Give all of the data again exactly as written, omitting every image.

*** Opening Dataset section ***

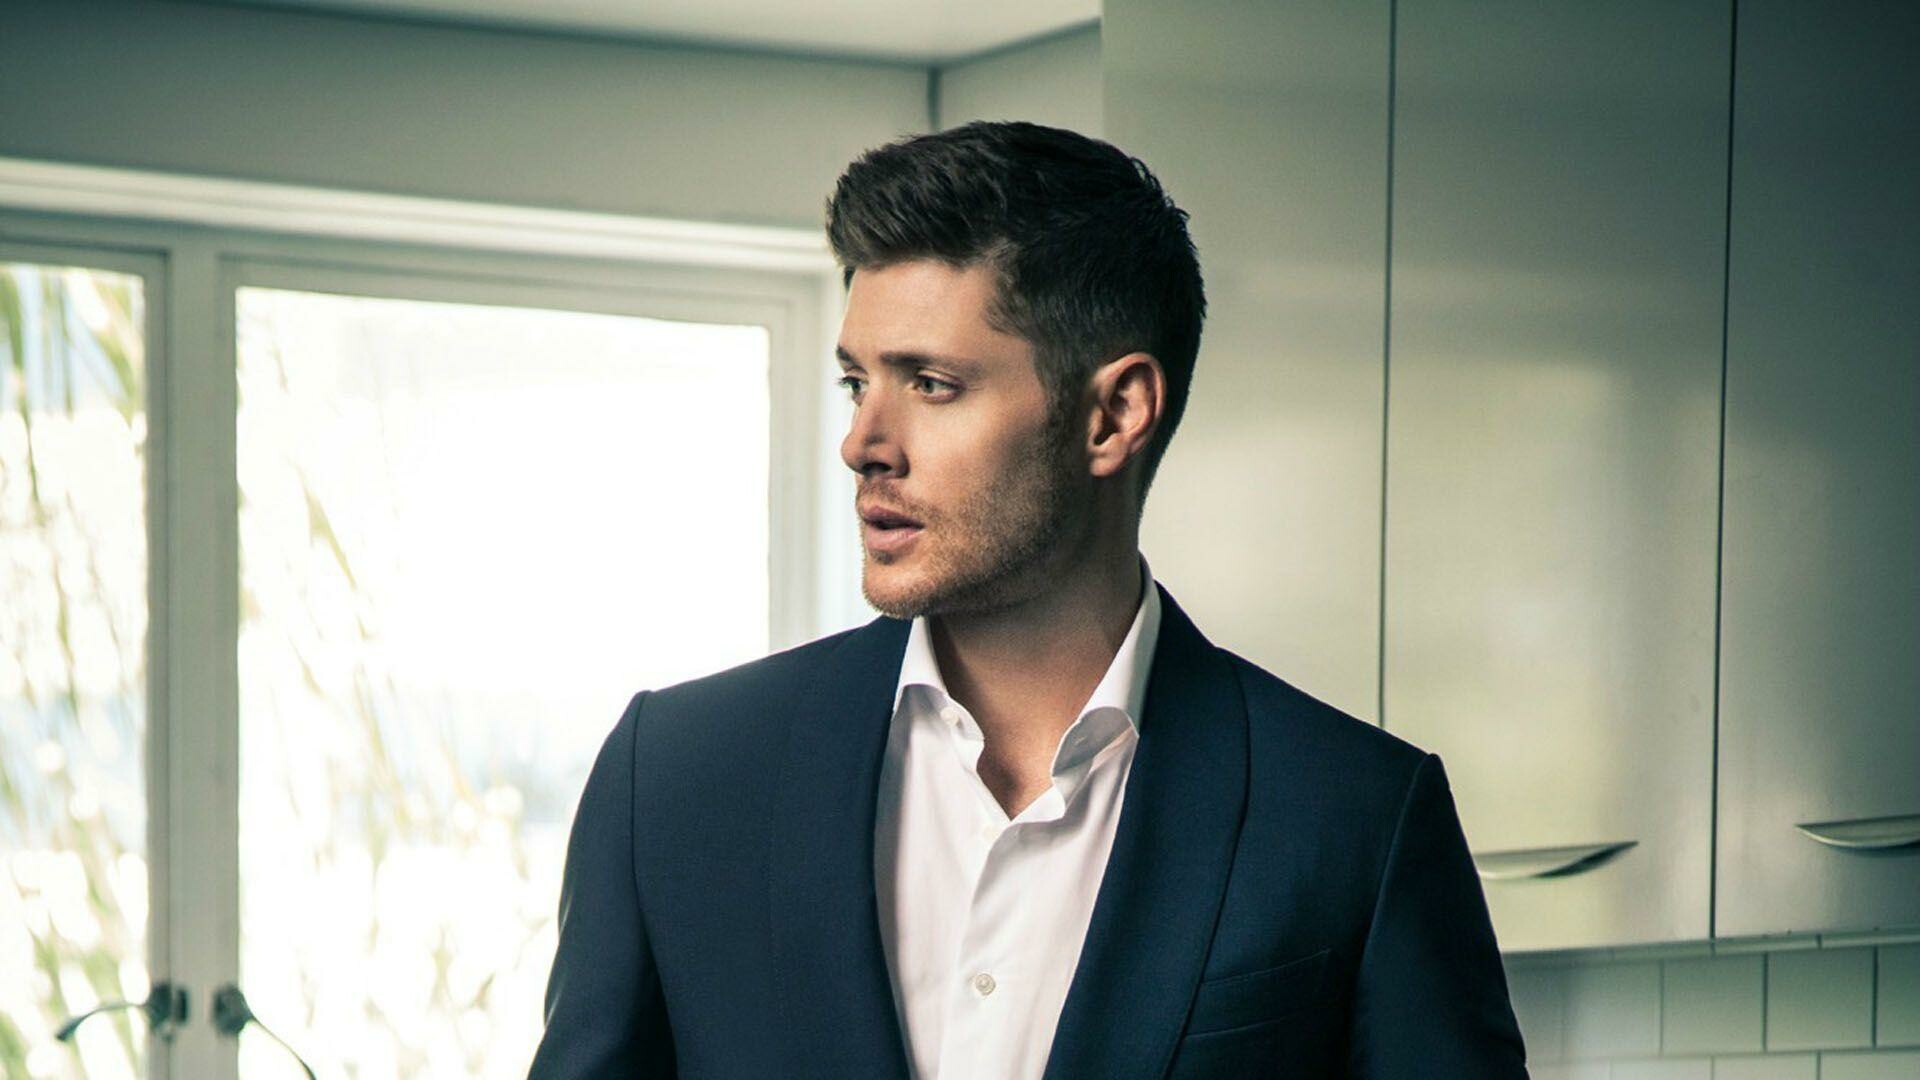 Jensen Ackles: Played Malcolm in an American television sitcom, Mr. Rhodes. 1920x1080 Full HD Wallpaper.
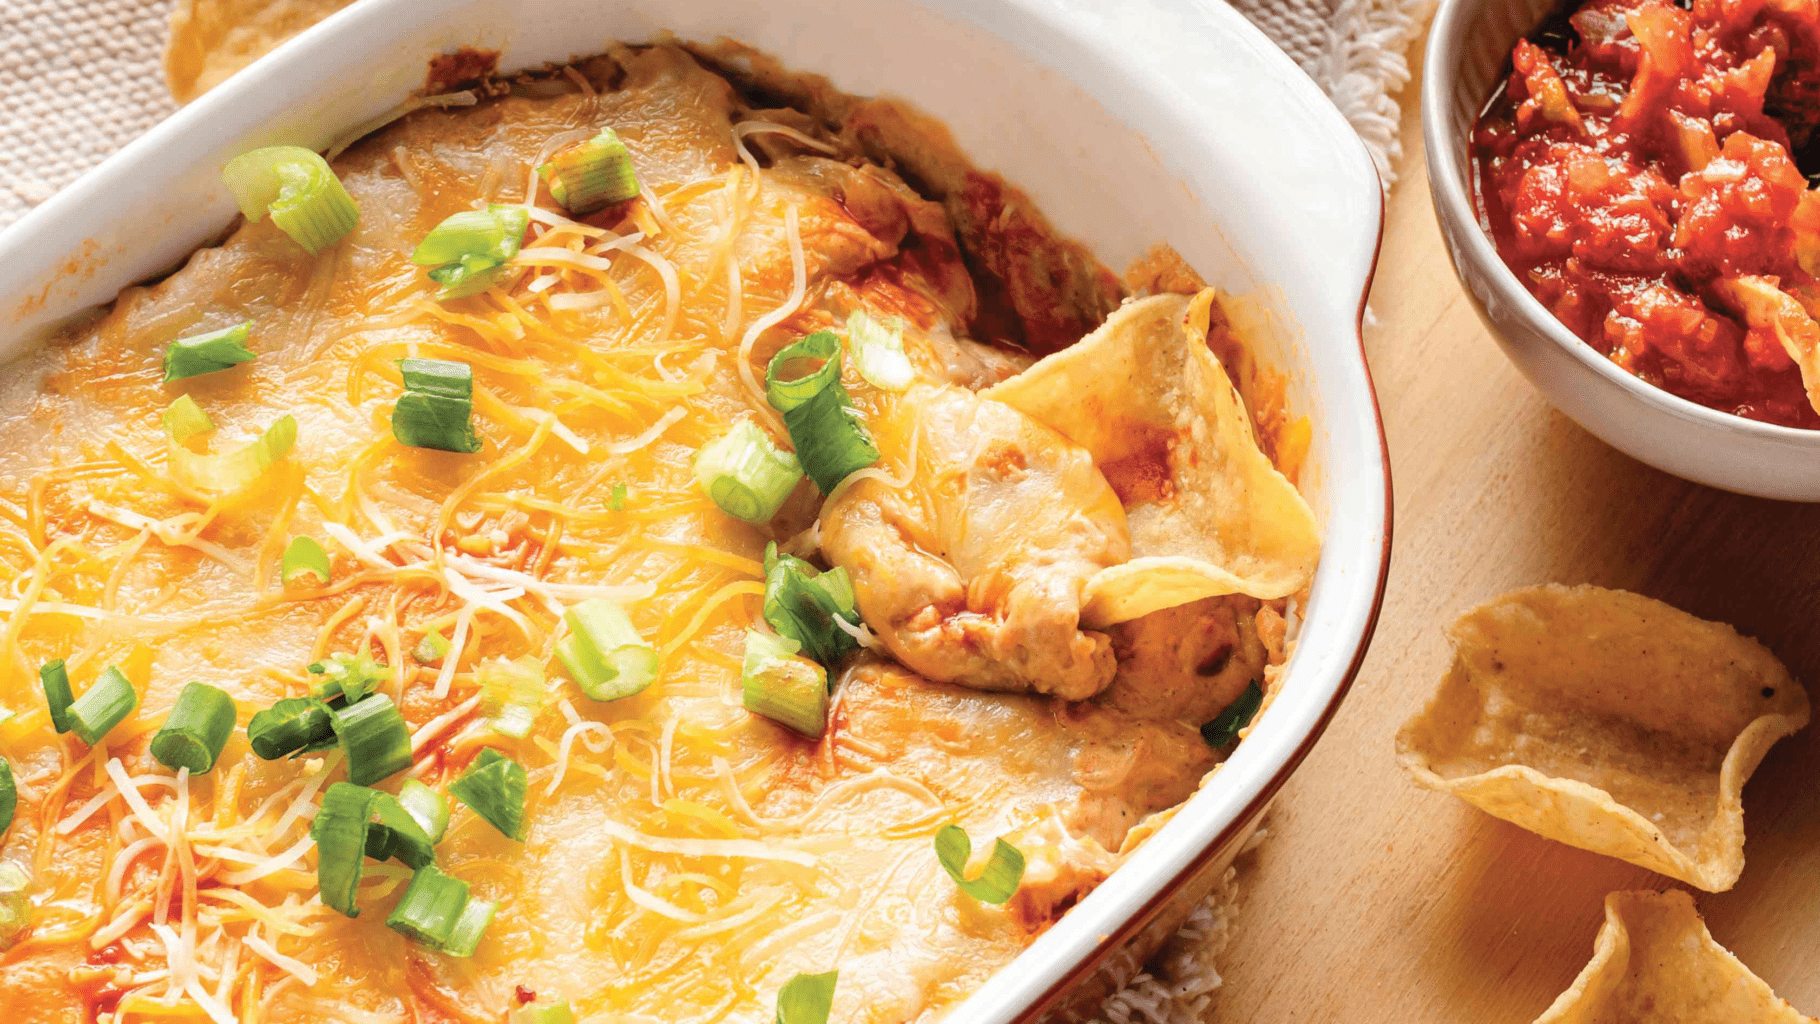 Cheesey Baked Bean Dip excerpted from Just Eat by Jessie James Decker.
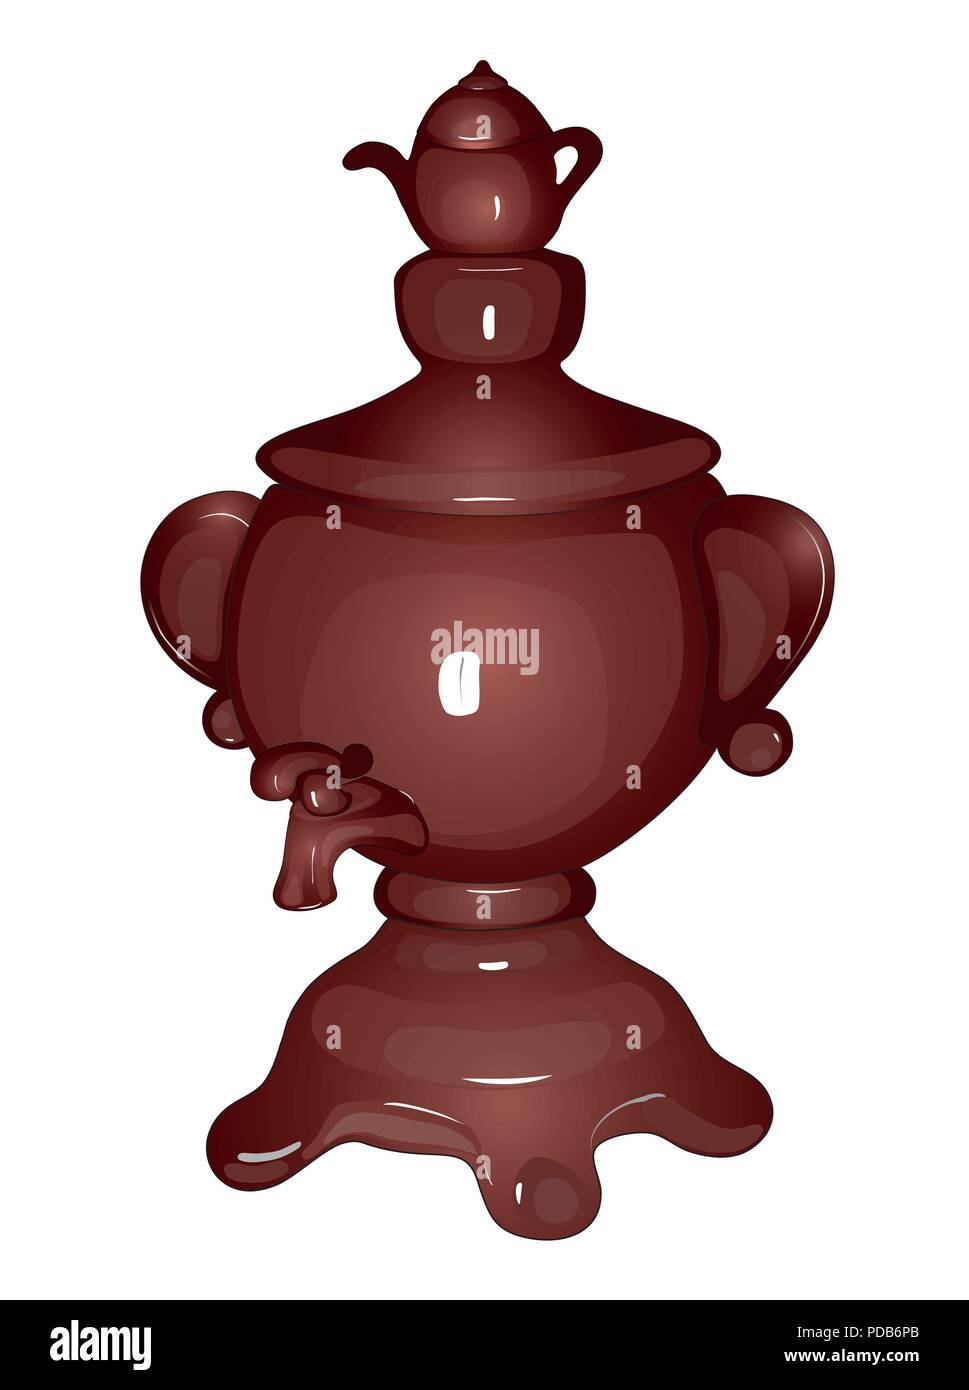 Realistic drawing of a ceramic samovar. Russian, traditional samovar, drinking Utensils, Isolated, white, Vector. 3d Stock Vector
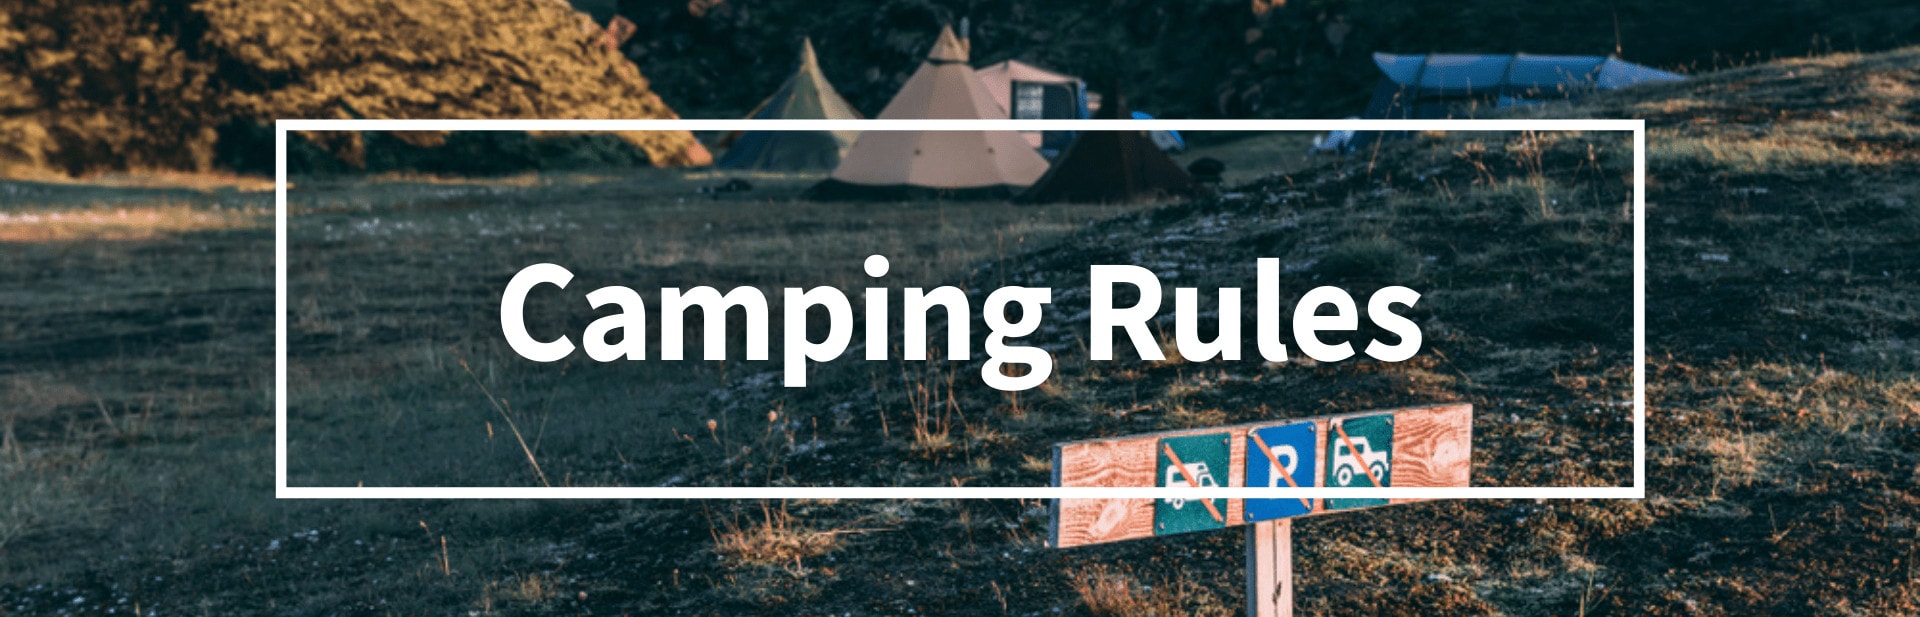 Camping Manners Matter: How to Be the Perfect Campground Neighbor

*** Closing Dataset section ***

Response for this exercise:
 Jensen Ackles: Played Malcolm in an American television sitcom, Mr. Rhodes. 1920x1080 Full HD Wallpaper.
 Cheesey Baked Bean Dip excerpted from Just Eat by Jessie James Decker.
 Realistic drawing of a ceramic samovar. Russian, traditional samovar, drinking Utensils, Isolated, white, Vector. 3d Stock Vector
 Camping Manners Matter: How to Be the Perfect Campground Neighbor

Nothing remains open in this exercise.